Hab ja schon geschrieben, das jeder gute Towerkühler gleichstark oder besser ist. Er muss halt Verstehen das 1,26 Volt im Idle bei einem 7700 nicht "Kalt" geht. 



arthur95 schrieb:


> Blöde Frage ist das mehr als normal?


Das sollte eher die Spannung unter Last sein, als im Idle.


----------



## the.hai (19. Januar 2019)

du kannst deinen eigenen beiträge editieren, nicht immer zwei hintereinander schreiben.

Die wirkliche Leistung kommt bei einem Radiator aus der Fläche, nicht aus der Dicke.


----------



## arthur95 (19. Januar 2019)

evilgrin68 schrieb:


> Da wollt ich ihn in seinem Glauben lassen
> 
> Hab ja schon geschrieben, das jeder gute Towerkühler gleichstark oder besser ist. Er muss halt Verstehen das 1,26 Volt im Idle bei einem 7700 nicht "Kalt" geht.
> 
> ...



Ok, weißt du wieso das so ist? Soll ich mal die Spannung bei Last untersuchen? Danke für die Infos, bin da eher ein Amateur


@the.hai . Ja da hast du recht, ich meinte aber, dass Corsair für diese Fläche (120mm) das bestmögliche rausgeholt hat. Also ich meine dass das eine er der besten !Kompaktwasserkühlung! ist die es gibt!


----------



## evilgrin68 (19. Januar 2019)

arthur95 schrieb:


> Ok, weißt du wieso das so ist?


Nö... Woher? Kenne deine Hardware nicht.

Es gibt viele Boards die von Hause aus zuviel Spannung anlegen. Da muss man dann selber ran und das Einstellen.


----------



## arthur95 (19. Januar 2019)

evilgrin68 schrieb:


> Nö... Woher? Kenne deine Hardware nicht.
> 
> Es gibt viele Boards die von Hause aus zuviel Spannung anlegen. Da muss man dann selber ran und das Einstellen.



Ok Danke!!
Wsl wird es daran liegen. Aber ich werd das so lassen Tut ja der CPU jetzt nicht extrem weh ! Auf Dauer wird sie halt ein wenig kürzer leben!

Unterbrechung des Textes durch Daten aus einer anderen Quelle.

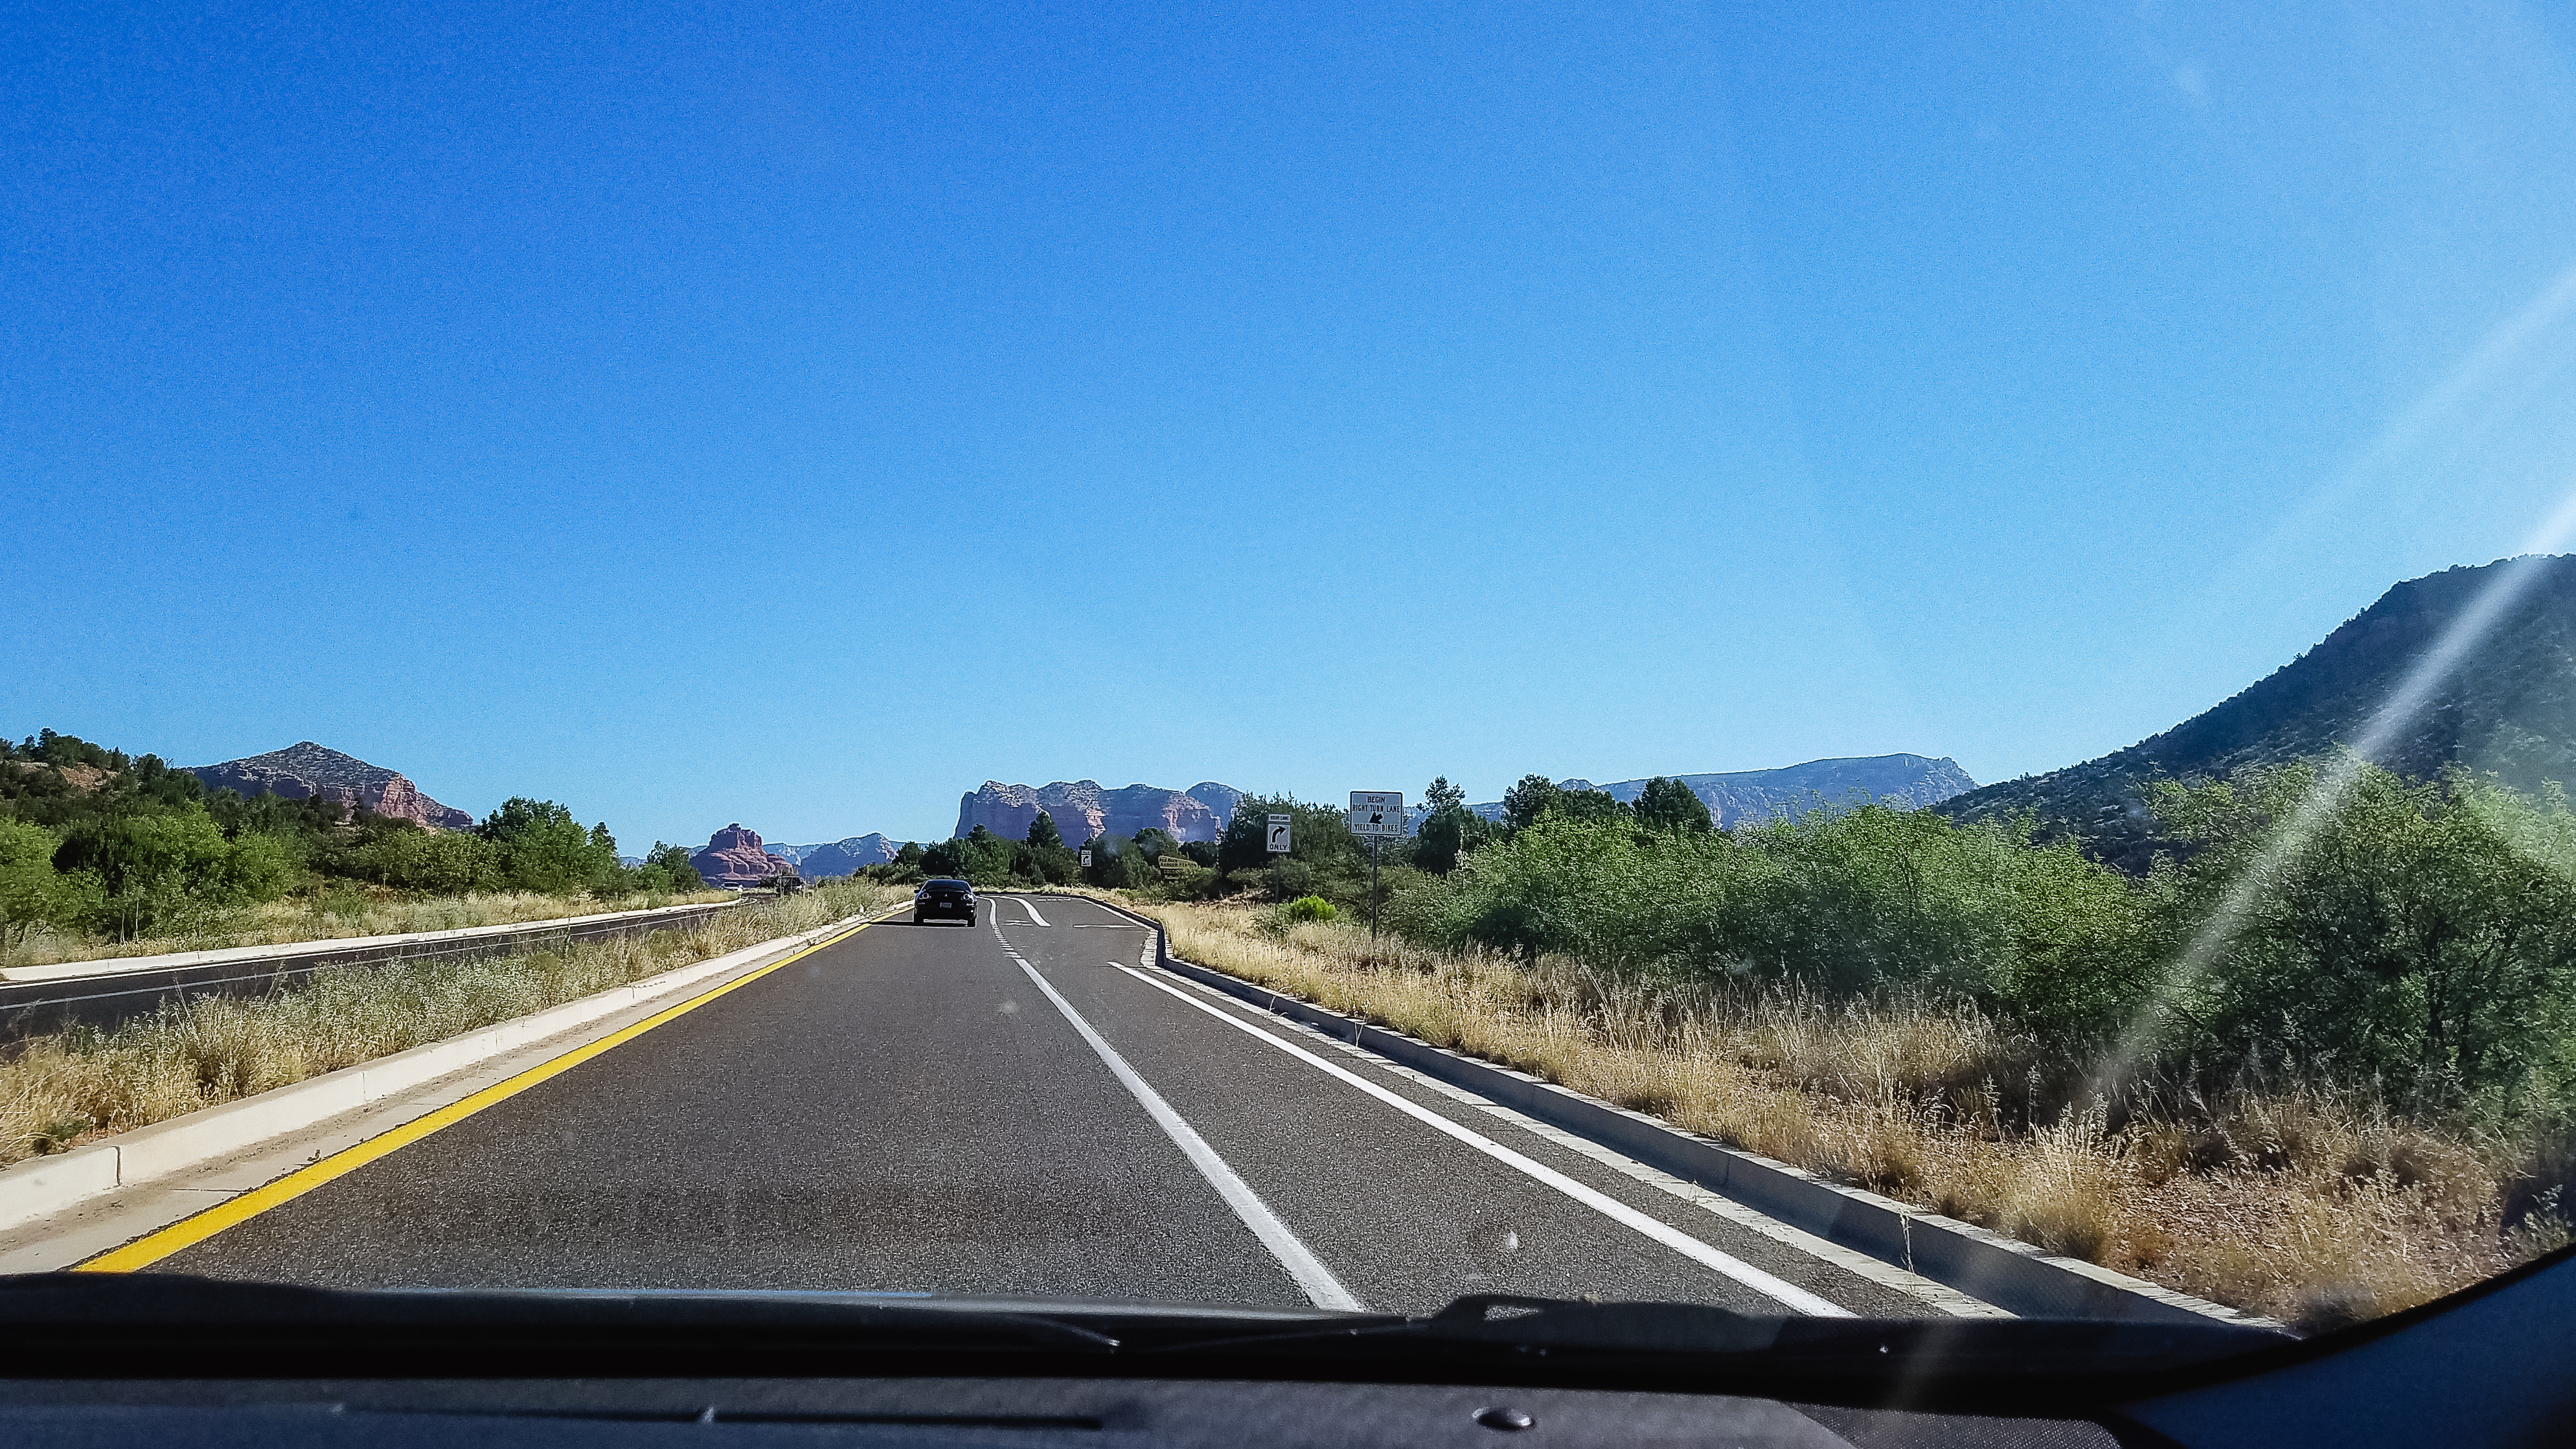 On the road toward Sedona.
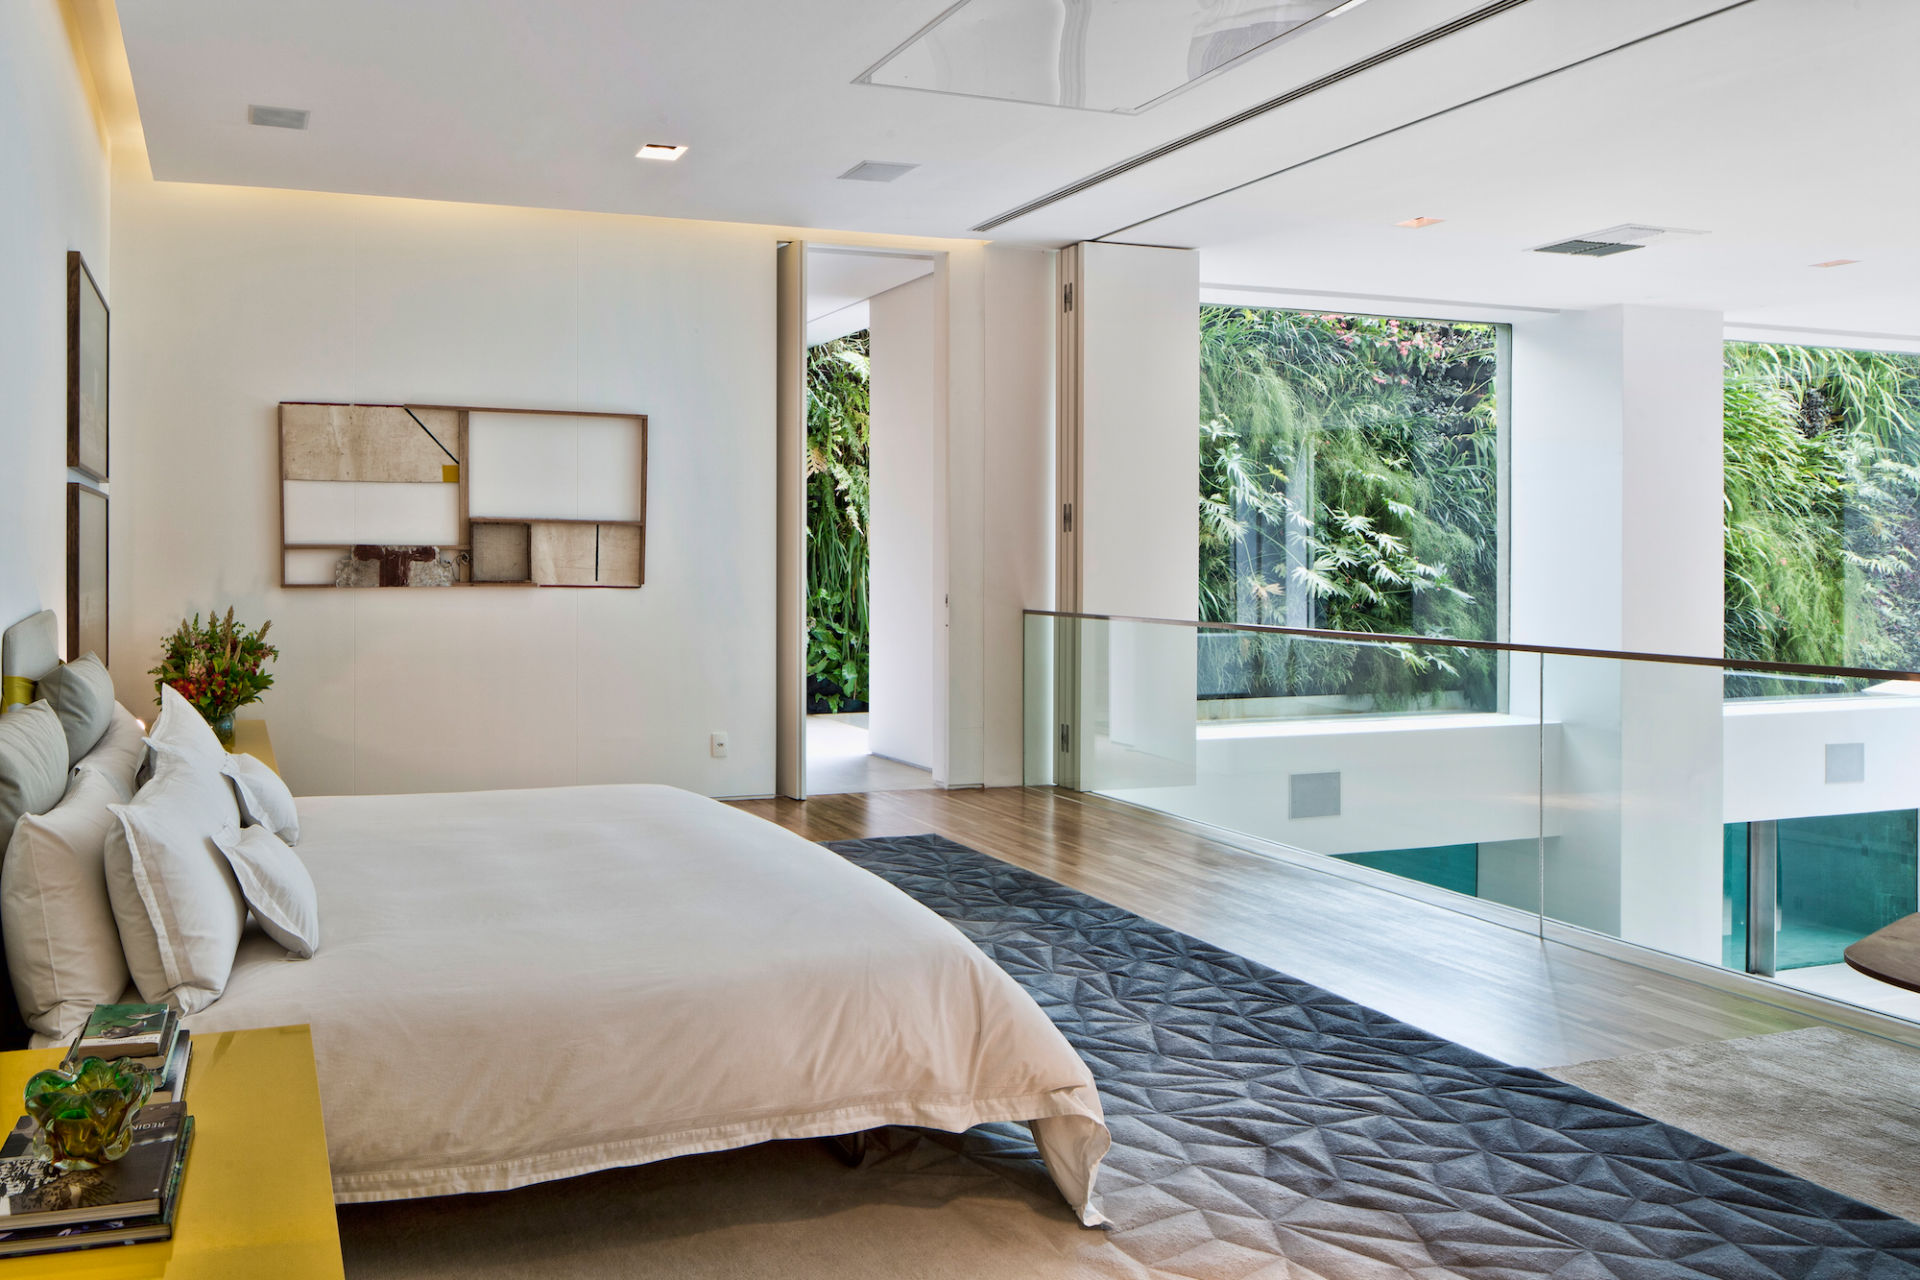 Ein Schwimmbad im Wohnzimmer: Das unglaubliche Duplex Anwesen in Sao Paolo 4

SO jetzt passt alles!! XMP Profile war auf AN , hab das mal ausgeschaltet! Jetzt liegt die Spannung  im Idle nicht mehr immer auf 1.26 sondern bei ca. 0,7volt !!! Temperaturen liegen jetzt bei angenehmen 36  +-5grad (Idle) . 

Komisch, ich dachte immer das XMP macht nur was mit der RAM Mhz zahl!

Danke für eure Hilfe


----------



## evilgrin68 (19. Januar 2019)

Ohne XMP verlierst du aber Leistung. Scheint ein ASUS Board zu sein, die machen das ganz gerne.


----------



## arthur95 (19. Januar 2019)

evilgrin68 schrieb:


> Ohne XMP verlierst du aber Leistung. Scheint ein ASUS Board zu sein, die machen das ganz gerne.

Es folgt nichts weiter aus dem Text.